Reprocessing channel messages - AWS IoT Analytics

Reprocessing channel messages

AWS IoT Analytics enables you to reprocess channel data. This can be useful in the following cases:

  • You want to replay existing ingested data rather than starting over.

  • You make an update to a pipeline and want to bring existing data up-to-date with the changes.

  • You want to include data that was ingested before you made changes to the customer managed storage options, permissions for channels, or data store.

Parameters

When you reprocess channel messages through the pipeline with AWS IoT Analytics, you must specify the following information:

StartPipelineReprocessing

Starts reprocessing channel messages through the pipeline.

ChannelMessages

Specifies one or more sets of channel messages that you want to reprocess.

If you use the channelMessages object, you must not specify a value for startTime and endTime.

s3Paths

Specifies one or more keys that identify the Amazon Simple Storage Service (Amazon S3) objects that save your channel messages. You must use the full path for the key.

Example path: 00:00:00/1582940490000_1582940520000_123456789012_mychannel_0_2118.0.json.gz

Type: Array of strings

Array members constraints: 1-100 items.

Length constraints: 1-1024 characters.

endTime

The end time (exclusive) of the channel data that is reprocessed.

If you specify a value for the endTime parameter, you must not use the channelMessages object.

Type: Timestamp

startTime

The start time (inclusive) of raw message data that is reprocessed.

If you specify a value for the startTime parameter, you must not use the channelMessages object.

Type: Timestamp

pipelineName

The name of the pipeline on which to start reprocessing.

Type: String

Length constraints: 1-128 characters.

Reprocessing channel messages (console)

This tutorial shows you how to reprocess the channel data that is stored in the specified Amazon S3 object in the AWS IoT Analytics console.

Before you begin, make sure that the channel messages that you want to reprocess are saved in a customer managed Amazon S3 bucket.

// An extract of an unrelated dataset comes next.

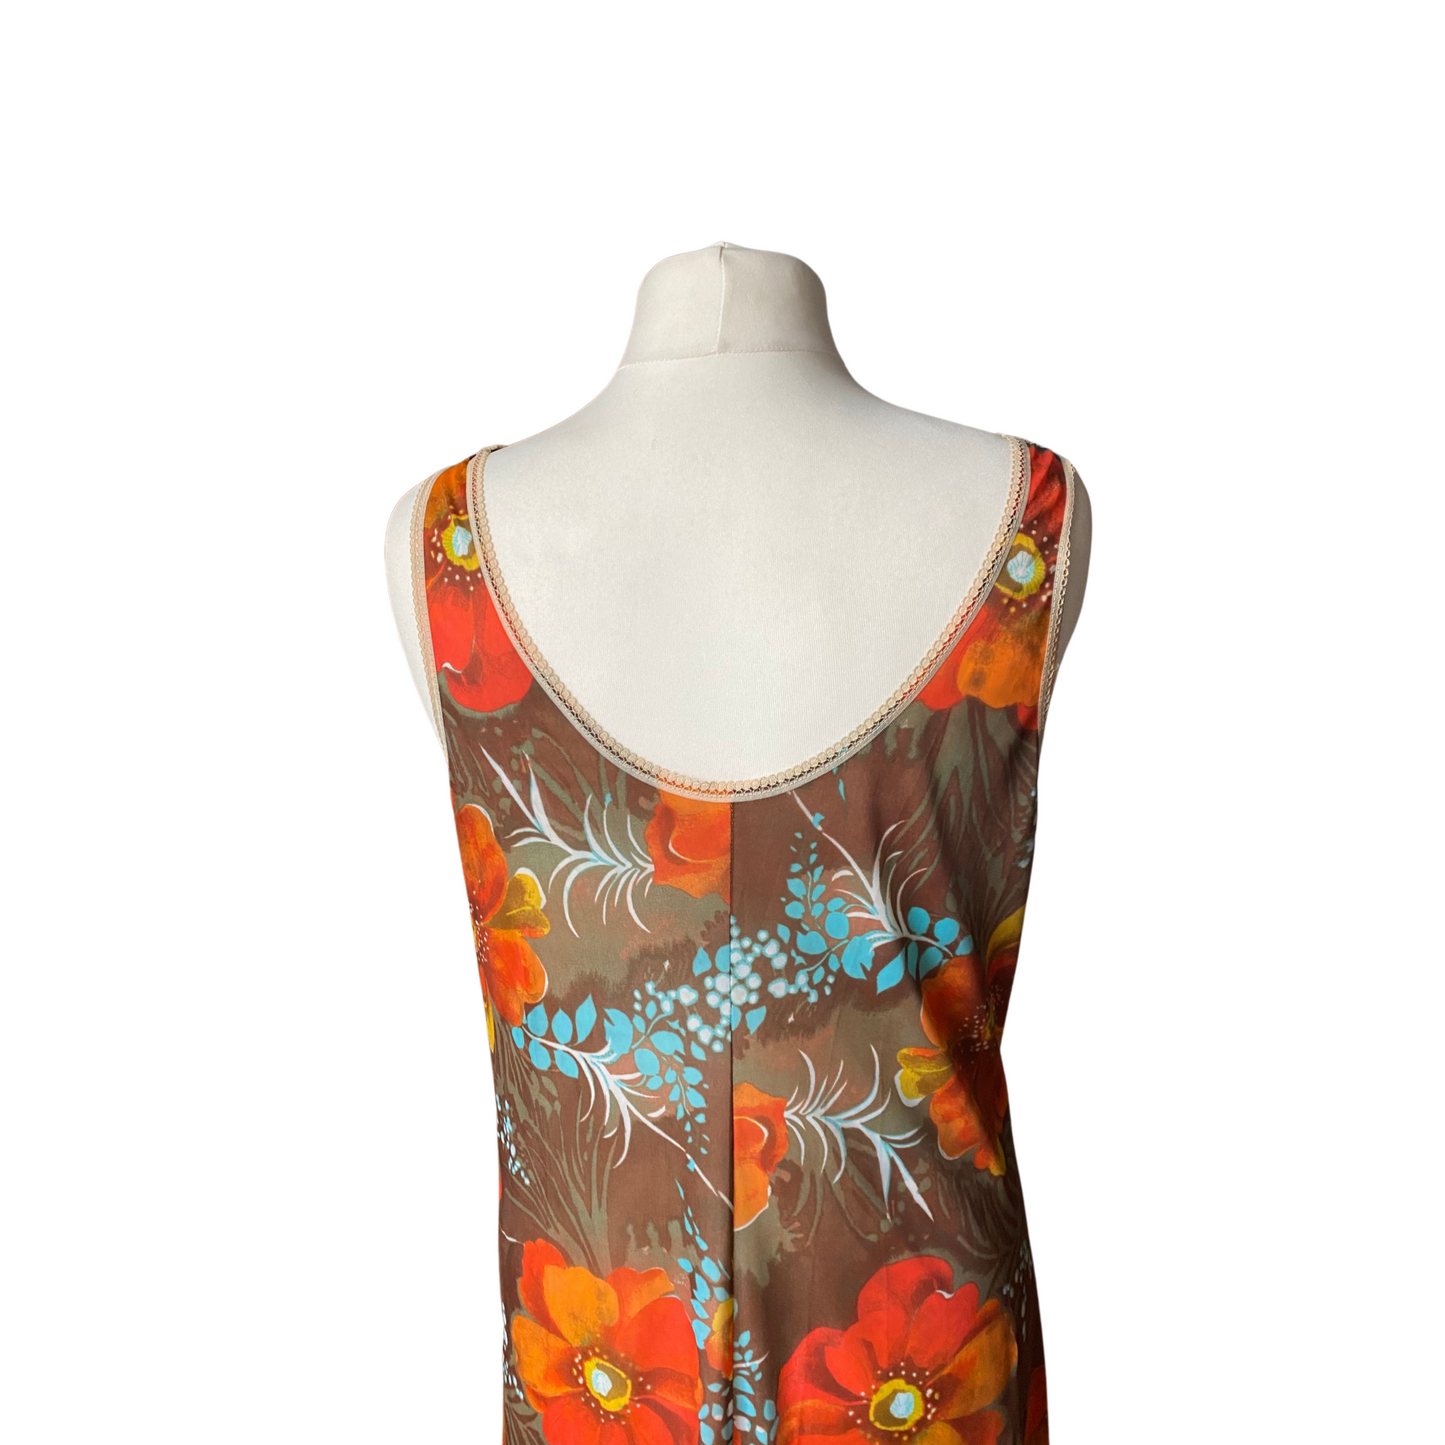 70s orange flower print, lace trimmed slip dress. Approx UK size 18-20

  1. Sign in to the AWS IoT Analytics console.

  2. In the navigation pane, choose Pipelines.

  3. Choose your target pipeline.

  4. Choose Reprocess messages from Actions.

  5. On the Pipeline reprocessing page, choose S3 objects for Reprocess messages.

    The AWS IoT Analytics console also provides the following options:

    • All available range - Reprocess all valid data in the channel.

    • Last 120 days - Reprocess data that arrived in the last 120 days.

    • Last 90 days - Reprocess data that arrived in the last 90 days.

    • Last 30 days - Reprocess data that arrived in the last 30 days.

    • Custom range - Reprocess data that arrived in the specified time range. You can choose any time range.

  6. Enter the key of the Amazon S3 obejct that stores your channel messages.

    To find the key, do the following:

    1. Go to the Amazon S3 console.

    2. Choose the target Amazon S3 object.

    3. Under Properties, in the Object overview section, copy the key.

  7. Choose Start reprocessing.

Reprocessing channel messages (API)

When you use the StartPipelineReprocessing API, note the following:

  • The startTime and endTime parameters specify when the raw data was ingested, but these are rough estimates. You can round to the nearest hour. The startTime is inclusive, but the endTime is exclusive.

  • The command launches the reprocessing asynchronously and returns immediately.

  • There is no guarantee that reprocessed messages are processed in the order they were originally received. It is roughly the same, but not exact.

  • You can make up to 1000 StartPipelineReprocessing API requests for every 24 hours to reprocess the same channel messages through a pipeline.

  • Reprocessing your raw data incurs additional costs.

For more information, see the StartPipelineReprocessing API, in AWS IoT Analytics API Reference.

Canceling channel reprocessing activities

To cancel a pipeline reprocessing activity, use the CancelPipelineReprocessing API or choose Cancel reprocessing on the Activities page in the AWS IoT Analytics console. If you cancel the reprocessing, the remaining data won't be reprocessed. You must start another reprocessing request.

Use the DescribePipeline API to check the status of the reprocessing. See the reprocessingSummaries field in the response.